Source records below:
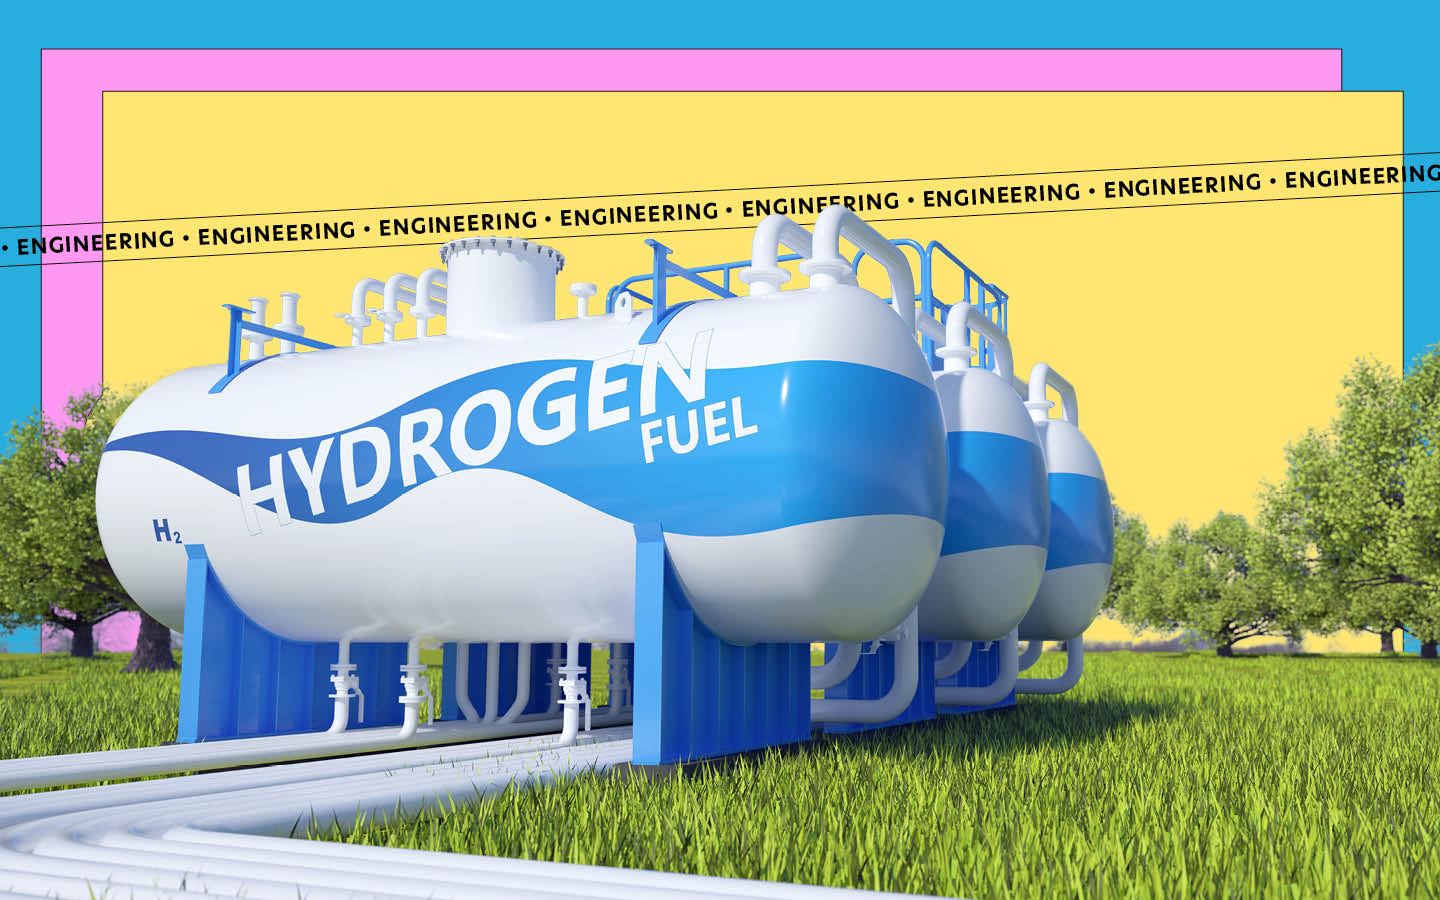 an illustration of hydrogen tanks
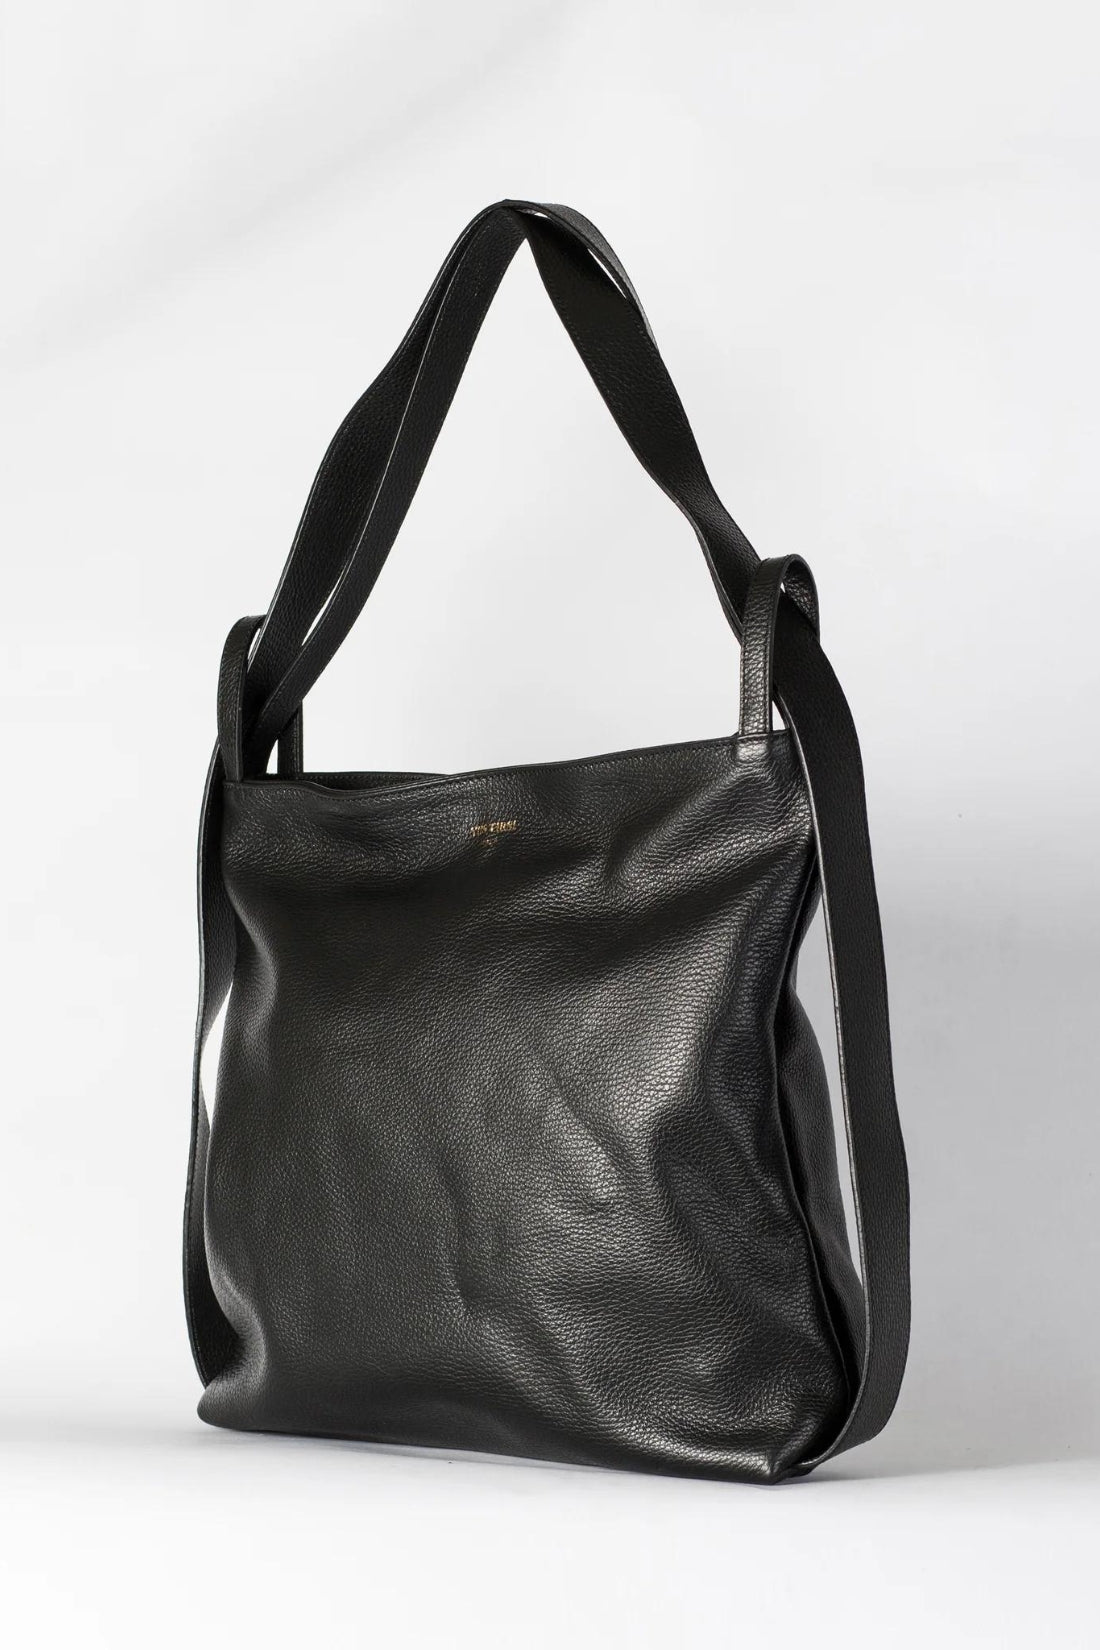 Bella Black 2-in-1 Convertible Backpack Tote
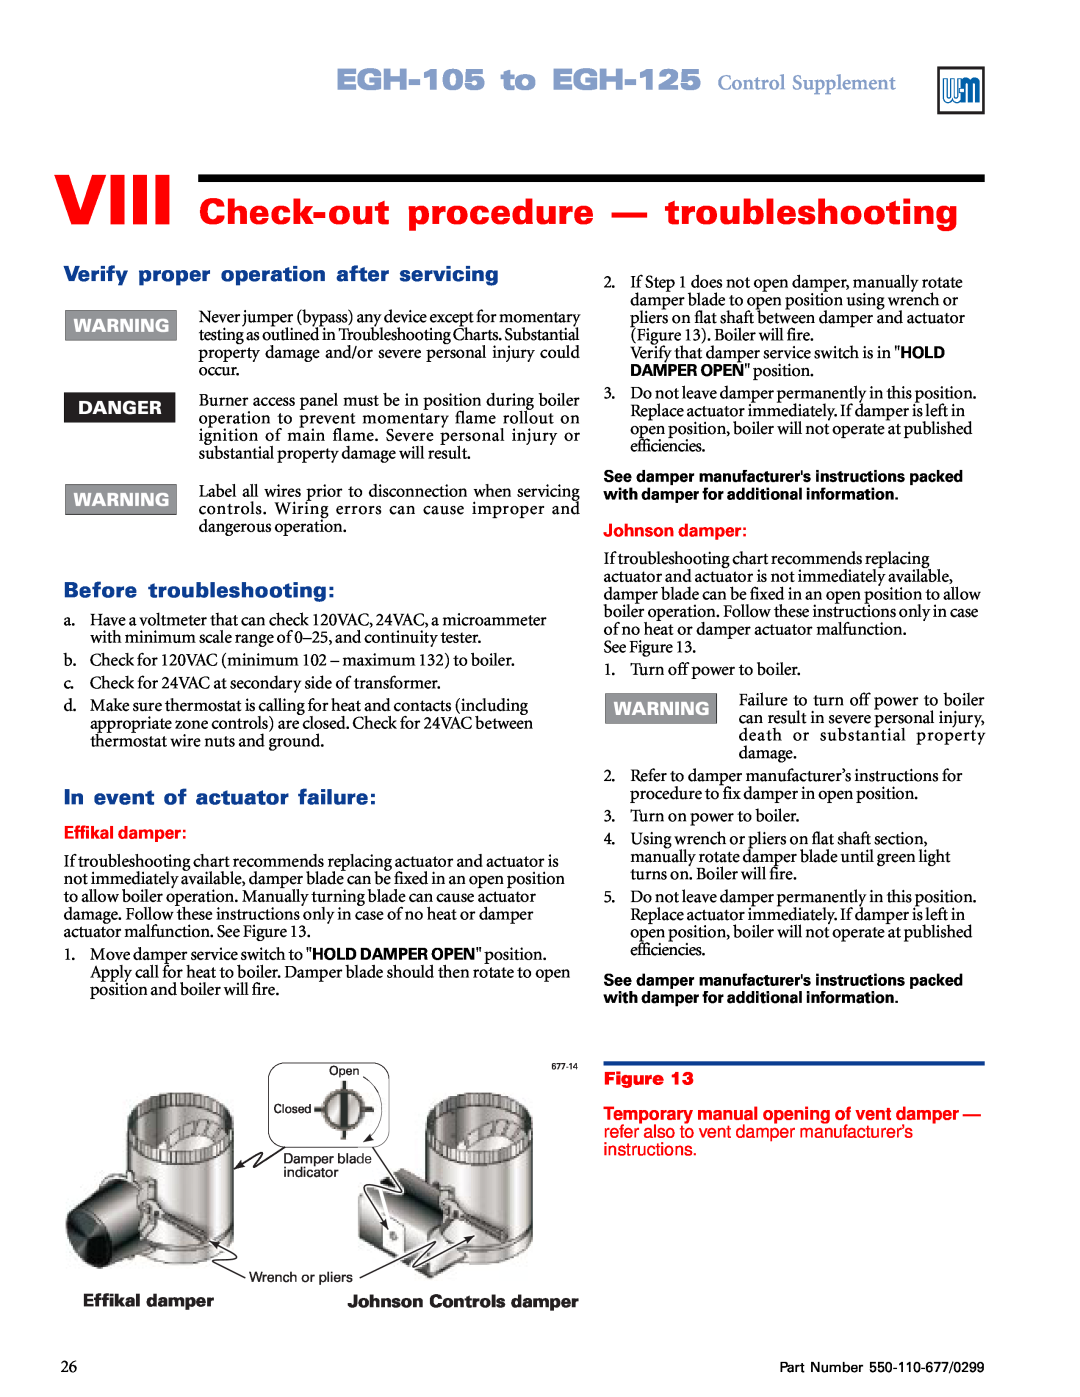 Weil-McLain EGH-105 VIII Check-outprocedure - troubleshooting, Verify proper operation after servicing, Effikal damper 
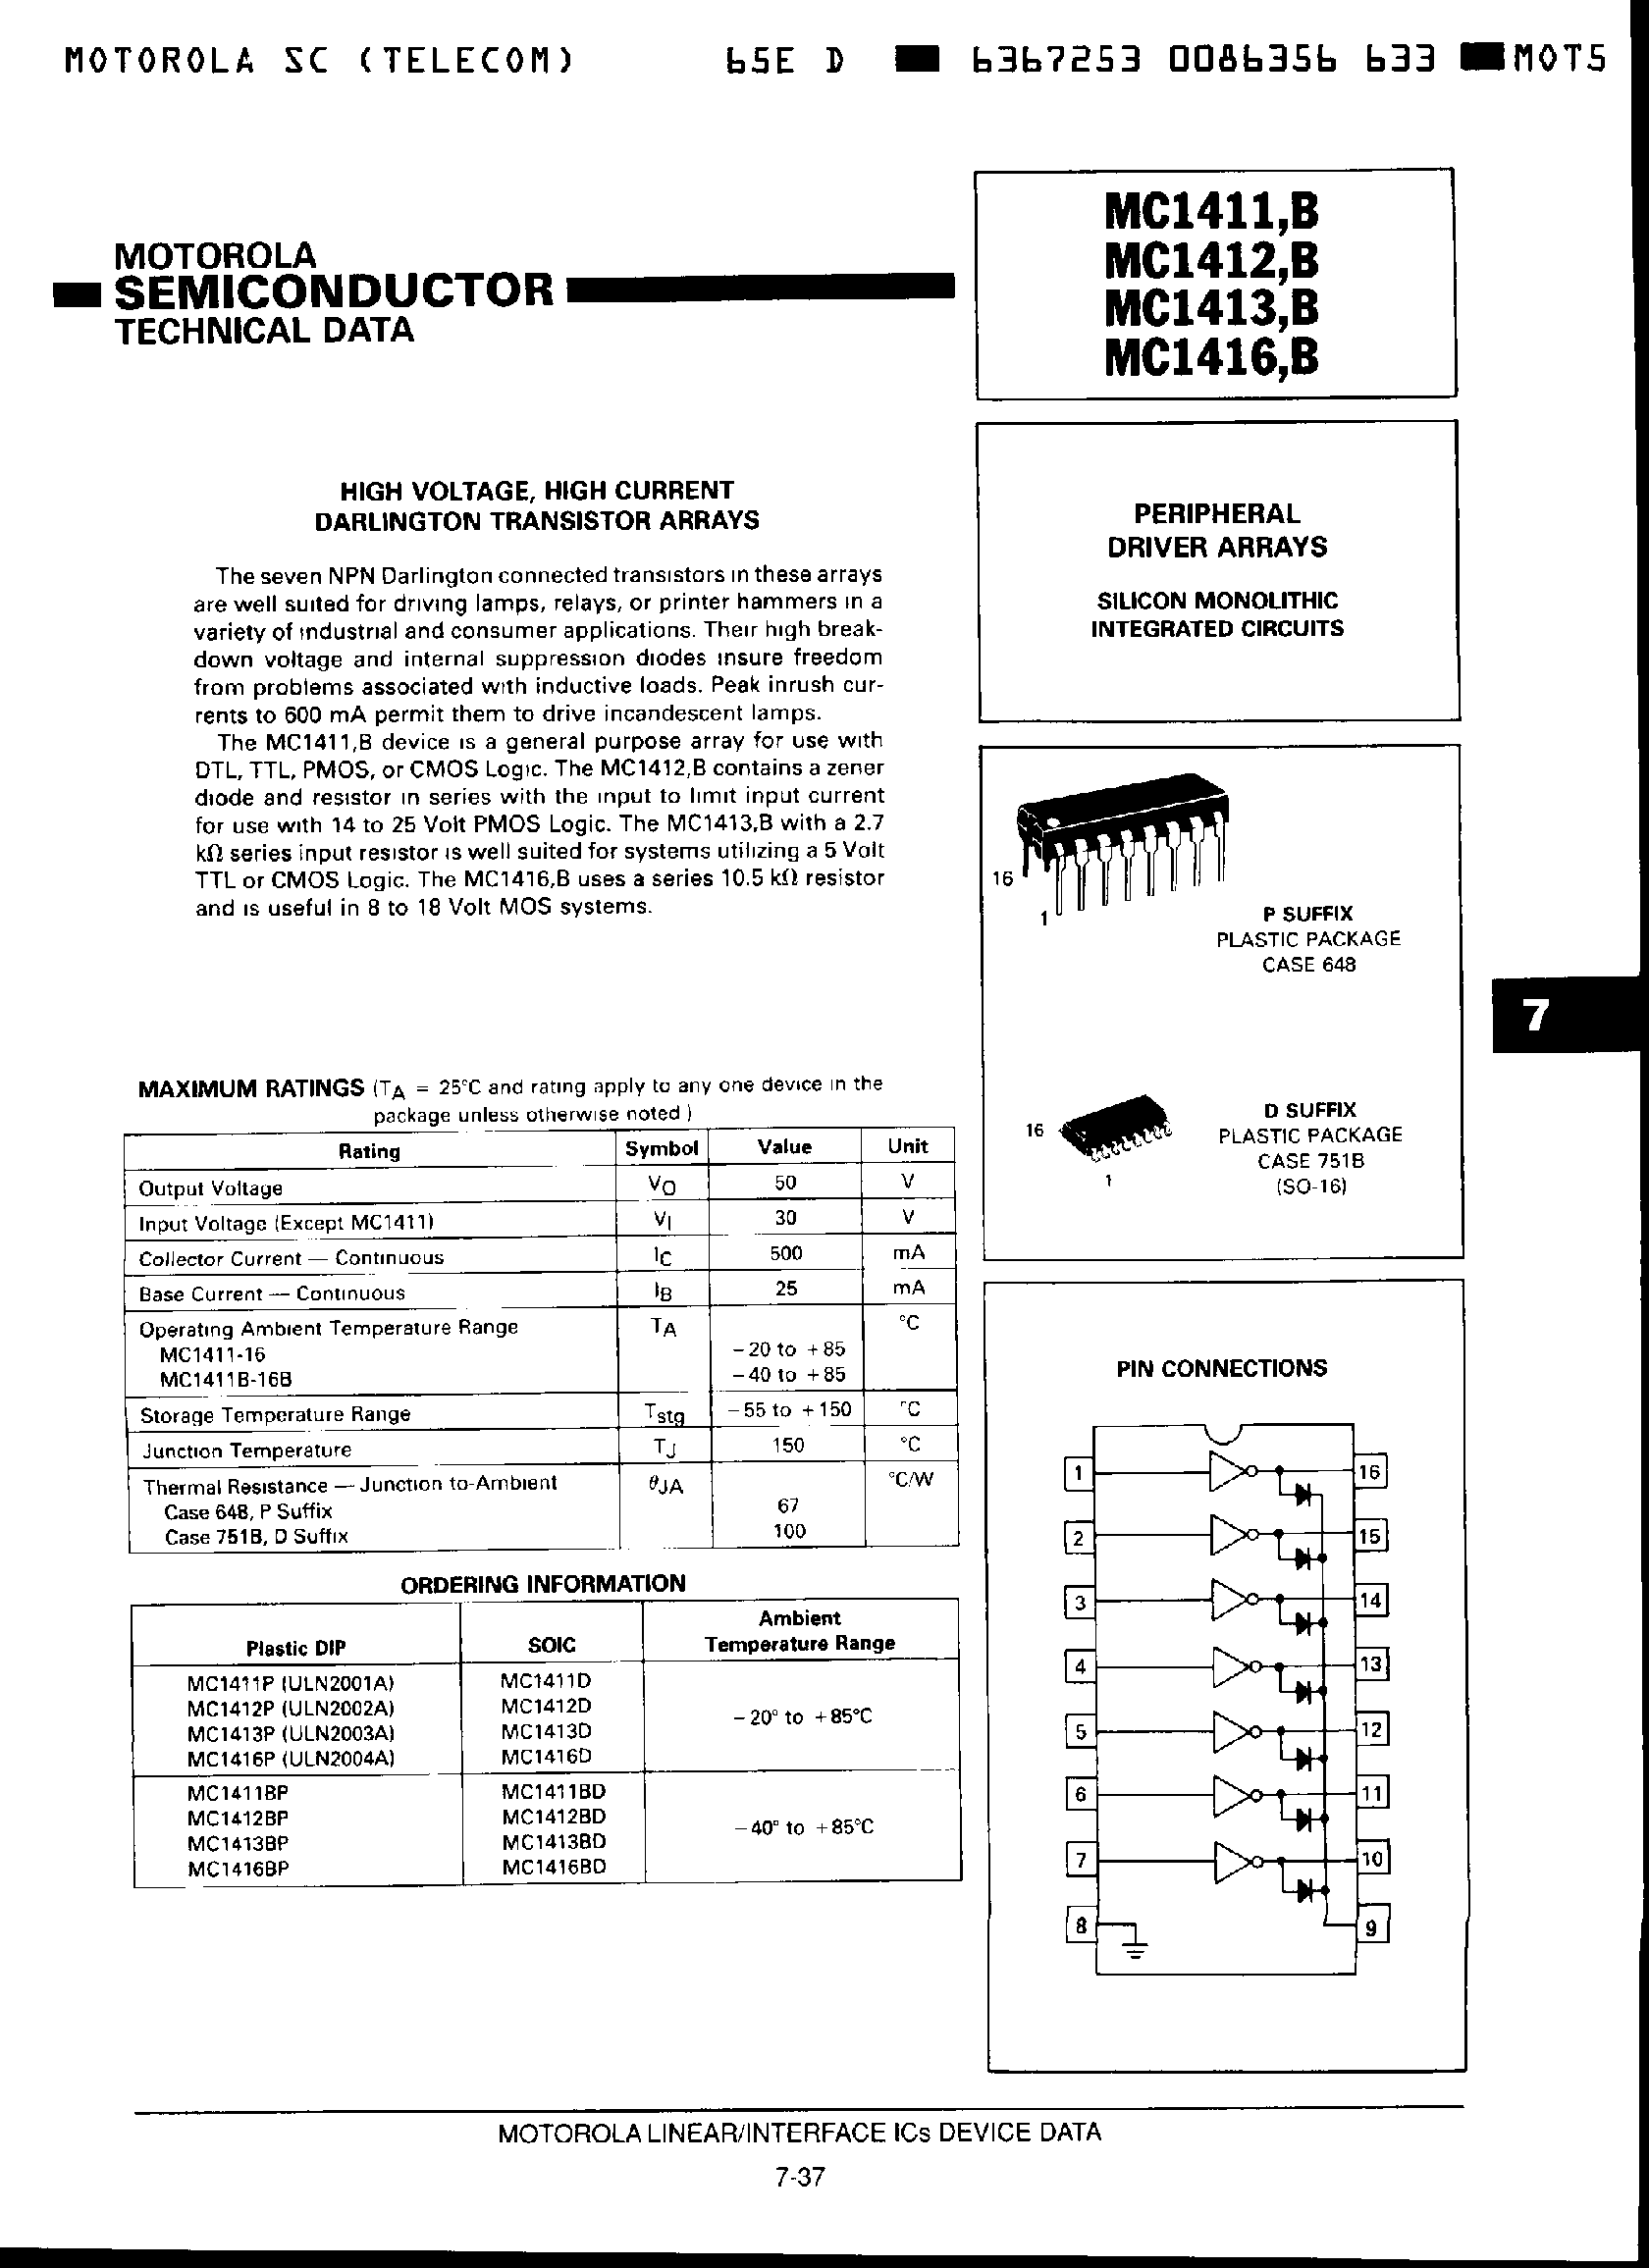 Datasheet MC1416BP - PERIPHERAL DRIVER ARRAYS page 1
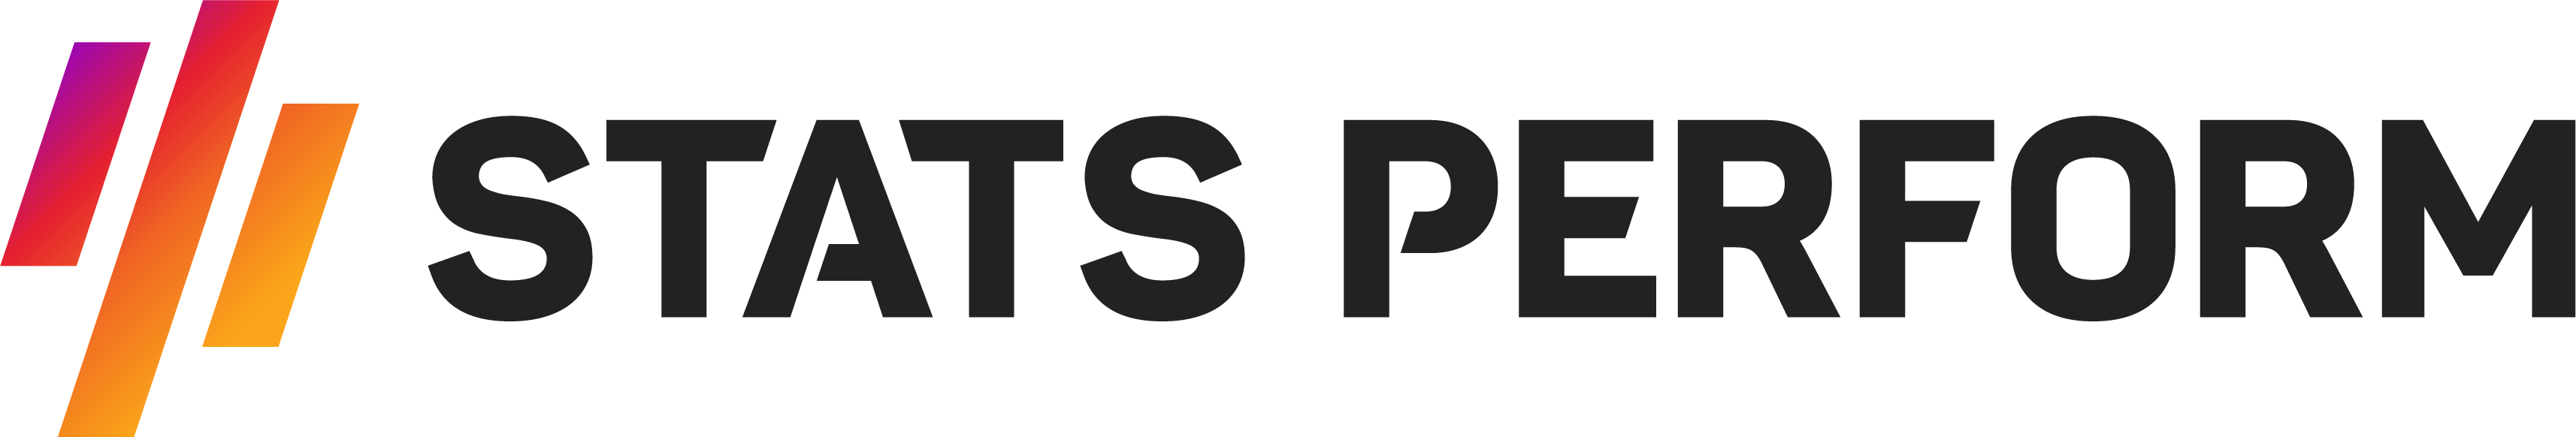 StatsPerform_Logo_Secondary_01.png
End of Source records.
The task: Please write out all the entries above again exactly as they appear, skipping any images.

Output:
 an illustration of hydrogen tanks
 Bella Black 2-in-1 Convertible Backpack Tote
 Weil-McLain EGH-105 VIII Check-outprocedure - troubleshooting, Verify proper operation after servicing, Effikal damper 
 Datasheet MC1416BP - PERIPHERAL DRIVER ARRAYS page 1
 StatsPerform_Logo_Secondary_01.png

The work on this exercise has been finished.